I experimented a bit and used OpenMP to simply parallelize the check if a hexagon is contained in a polygon in the polyfill function: https://github.com/nmandery/h3/commit/65afcb16579e833083feba713a89d7423611212a

Results without openmp:

$ ./bin/benchmarkPolyfill 
    -- polyfillSF: 5830.508514 microseconds per iteration (500 iterations)
    -- polyfillAlameda: 7501.964168 microseconds per iteration (500 iterations)
    -- polyfillSouthernExpansion: 325676.916500 microseconds per iteration (10 iterations)
$ ./bin/benchmarkPolyfill 
    -- polyfillSF: 5241.980240 microseconds per iteration (500 iterations)
    -- polyfillAlameda: 7528.802096 microseconds per iteration (500 iterations)
    -- polyfillSouthernExpansion: 326040.845100 microseconds per iteration (10 iterations)

Results with openmp:

$ ./bin/benchmarkPolyfill 
    -- polyfillSF: 2136.395920 microseconds per iteration (500 iterations)
    -- polyfillAlameda: 2469.901036 microseconds per iteration (500 iterations)
    -- polyfillSouthernExpansion: 98592.296500 microseconds per iteration (10 iterations)
$ ./bin/benchmarkPolyfill 
    -- polyfillSF: 2006.864104 microseconds per iteration (500 iterations)
    -- polyfillAlameda: 2428.976026 microseconds per iteration (500 iterations)
    -- polyfillSouthernExpansion: 97370.778000 microseconds per iteration (10 iterations)

These are the specs of the machine I used:

$ grep 'model name' /proc/cpuinfo 
model name  : Intel(R) Xeon(R) CPU E5-2670 0 @ 2.60GHz
model name  : Intel(R) Xeon(R) CPU E5-2670 0 @ 2.60GHz
model name  : Intel(R) Xeon(R) CPU E5-2670 0 @ 2.60GHz
model name  : Intel(R) Xeon(R) CPU E5-2670 0 @ 2.60GHz

I guess the usage of OpenMP should be optional, as I do not know how this would affect the emscripten based Javascript port of h3.

dfellis commented 5 years ago

Looks like a 2-3x speedup.

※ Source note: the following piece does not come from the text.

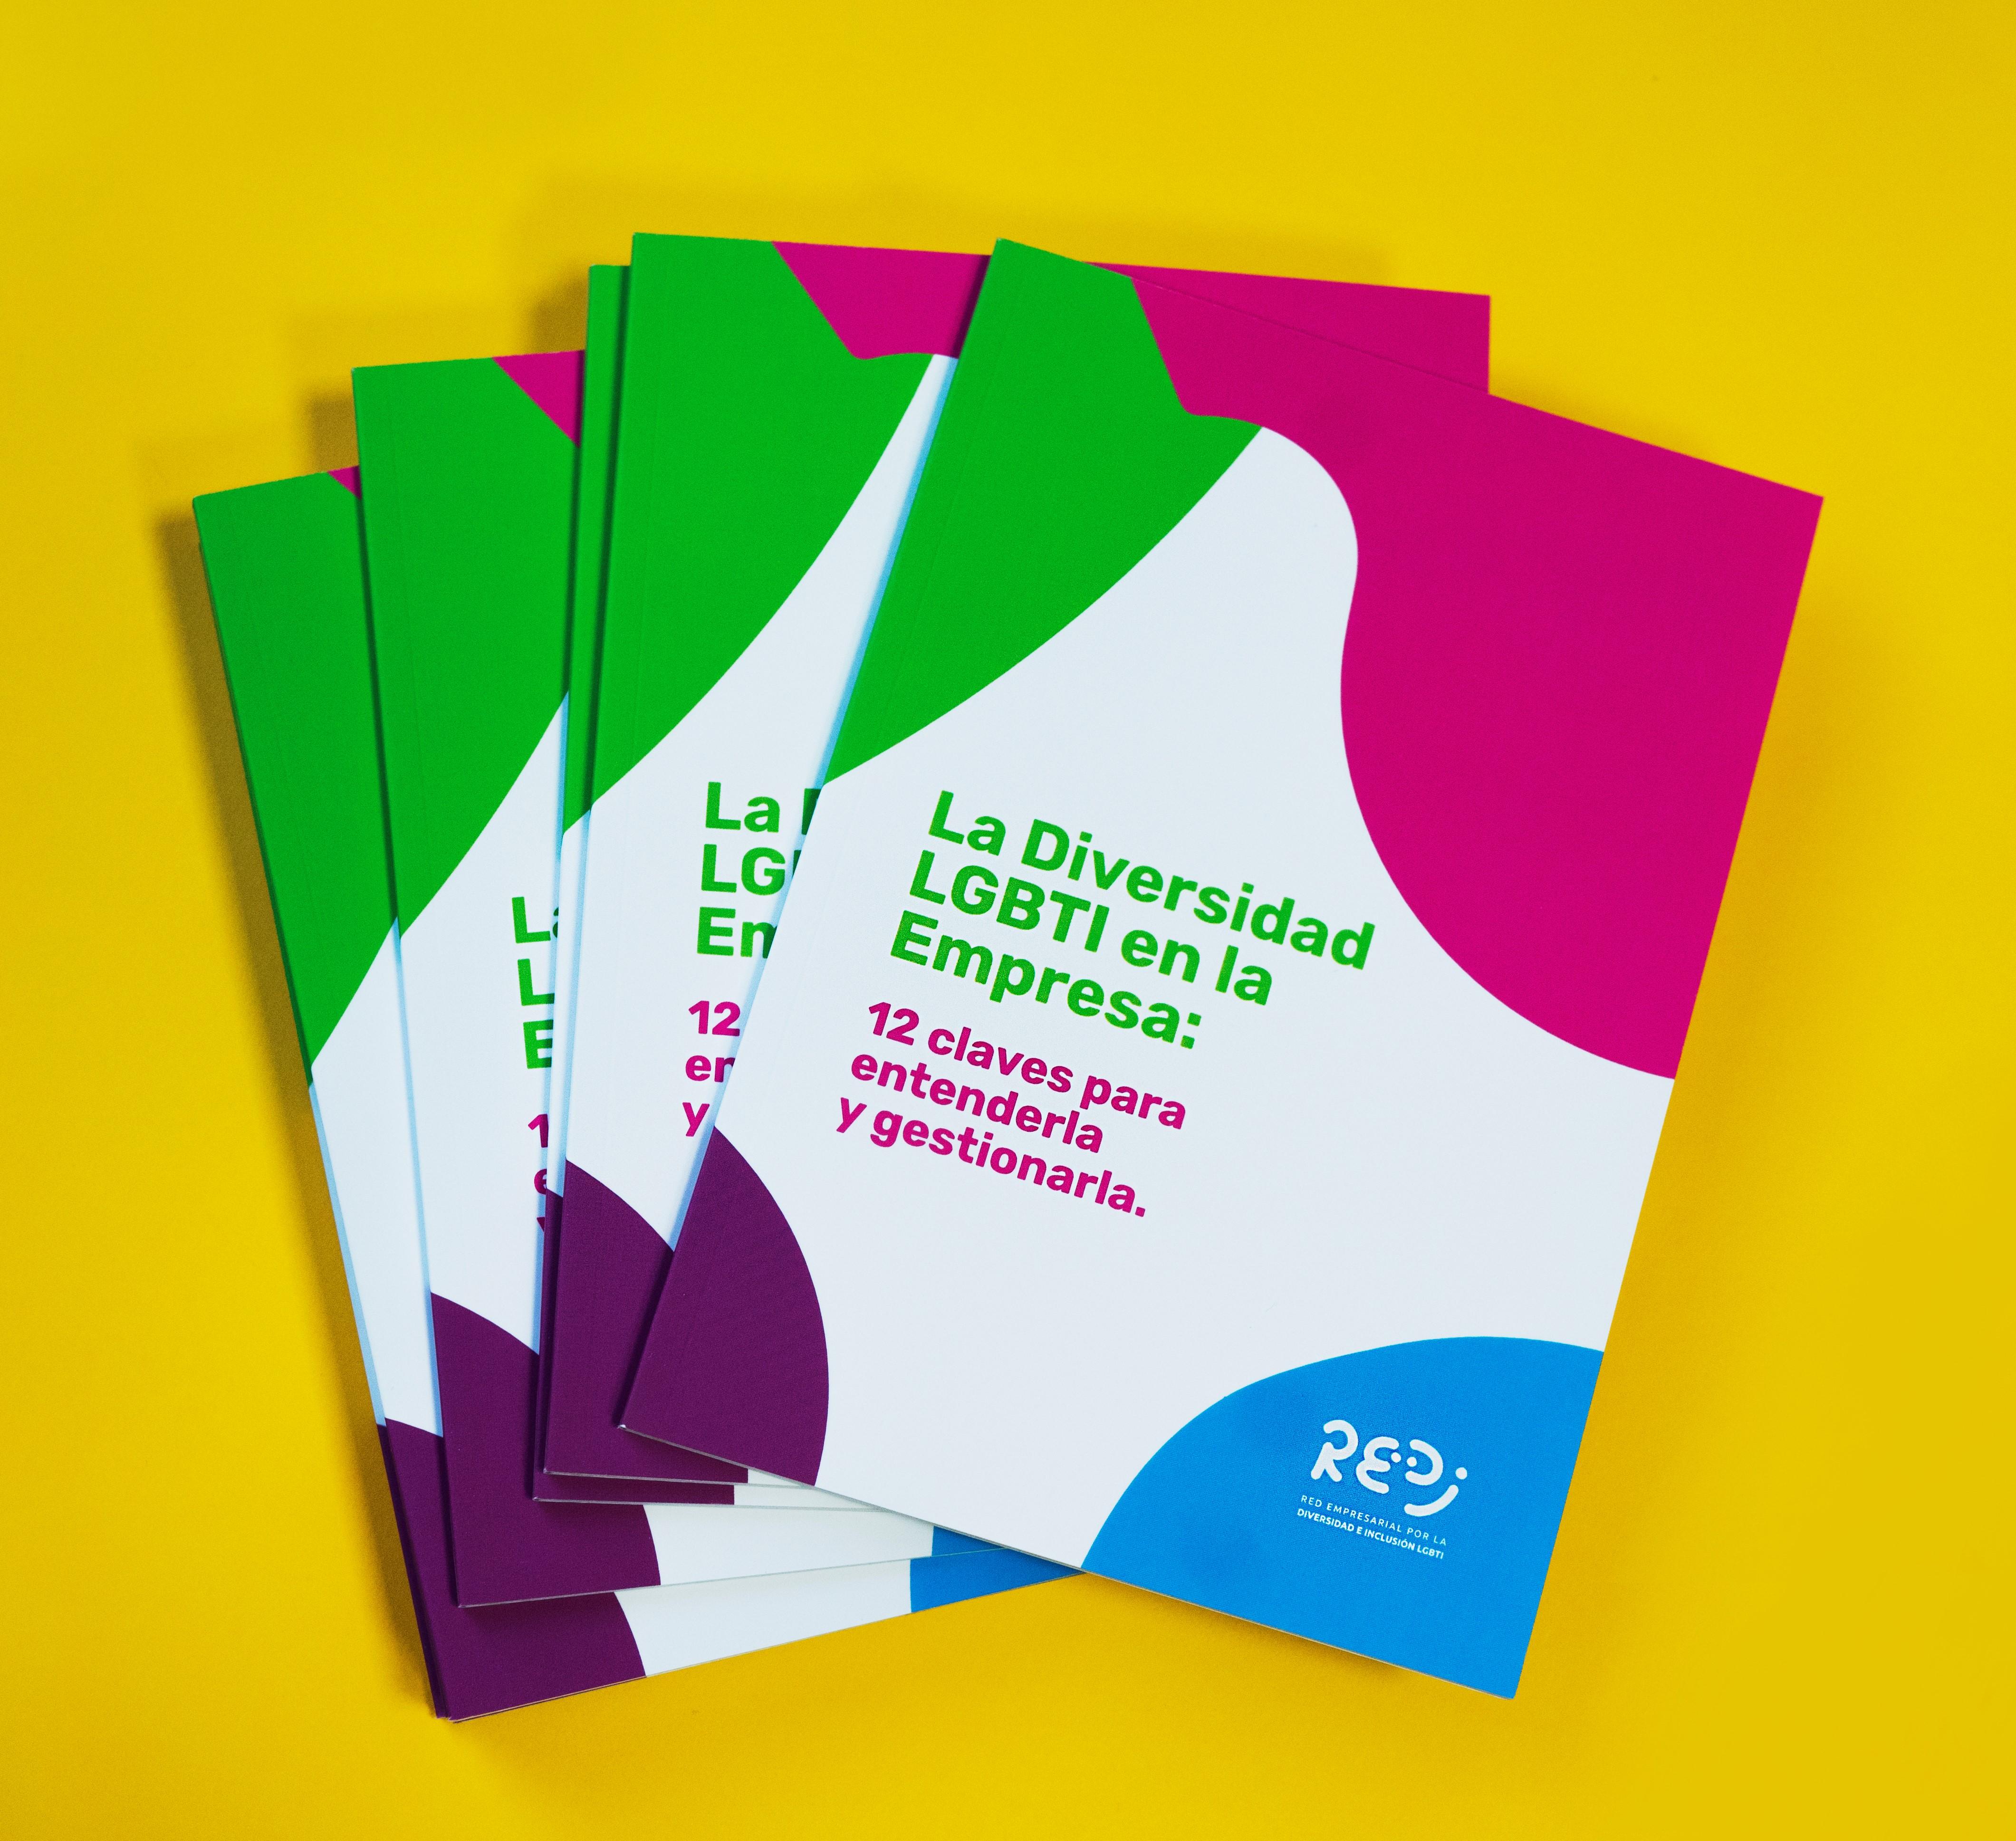 Publicación La Diversidad LGBTI en la empresa. 12 claves para entenderla.

Very cool. :)

@joegilley it looks like you have a target. ;)

@nmandery we have known that the current polyfill algorithm is suboptimal -- it was just the easiest to prove correct under all circumstances.

There was a much better polyfill algorithm implemented in a prototype a few years ago (by @joegilley :) ), and with @nrabinowitz having implemented a line algorithm a month or so ago, it should be possible to implement the better polyfill algorithm for most situations on top of it.

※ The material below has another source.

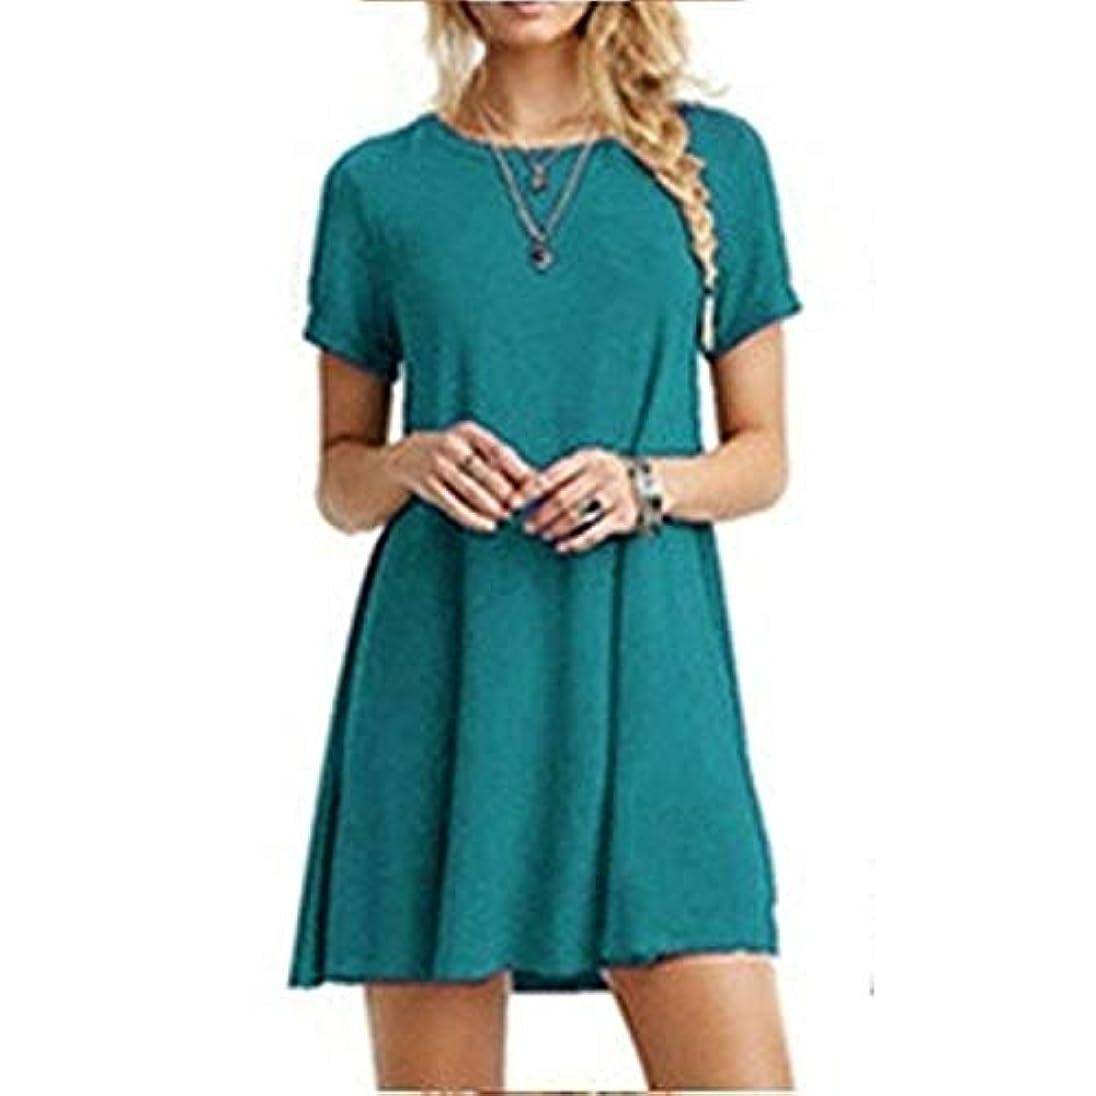 上装置毒性MIFAN女性のファッション、カジュアル、ドレス、シャツ、コットン、半袖、無地、ミニ、ビーチドレス、プラスサイズのドレス

I will leave it up to @isaacbrodsky if H3 will have an optional dependency on OpenMP. Likely the current algorithm will remain a fallback so a speedup could be nice to keep around, but this breaks the current assumption that the library will only burn a single core, which can affect capacity planning.

Also, since polyfill was designed to make sure contiguous polygons do not share any H3 indexes, it is possible for the performance-minded to "carve up" the polygon into sub-polygons and execute polyfill on each of them in their threading library of choice and see a similar speedup, though that is not nearly as turnkey as this.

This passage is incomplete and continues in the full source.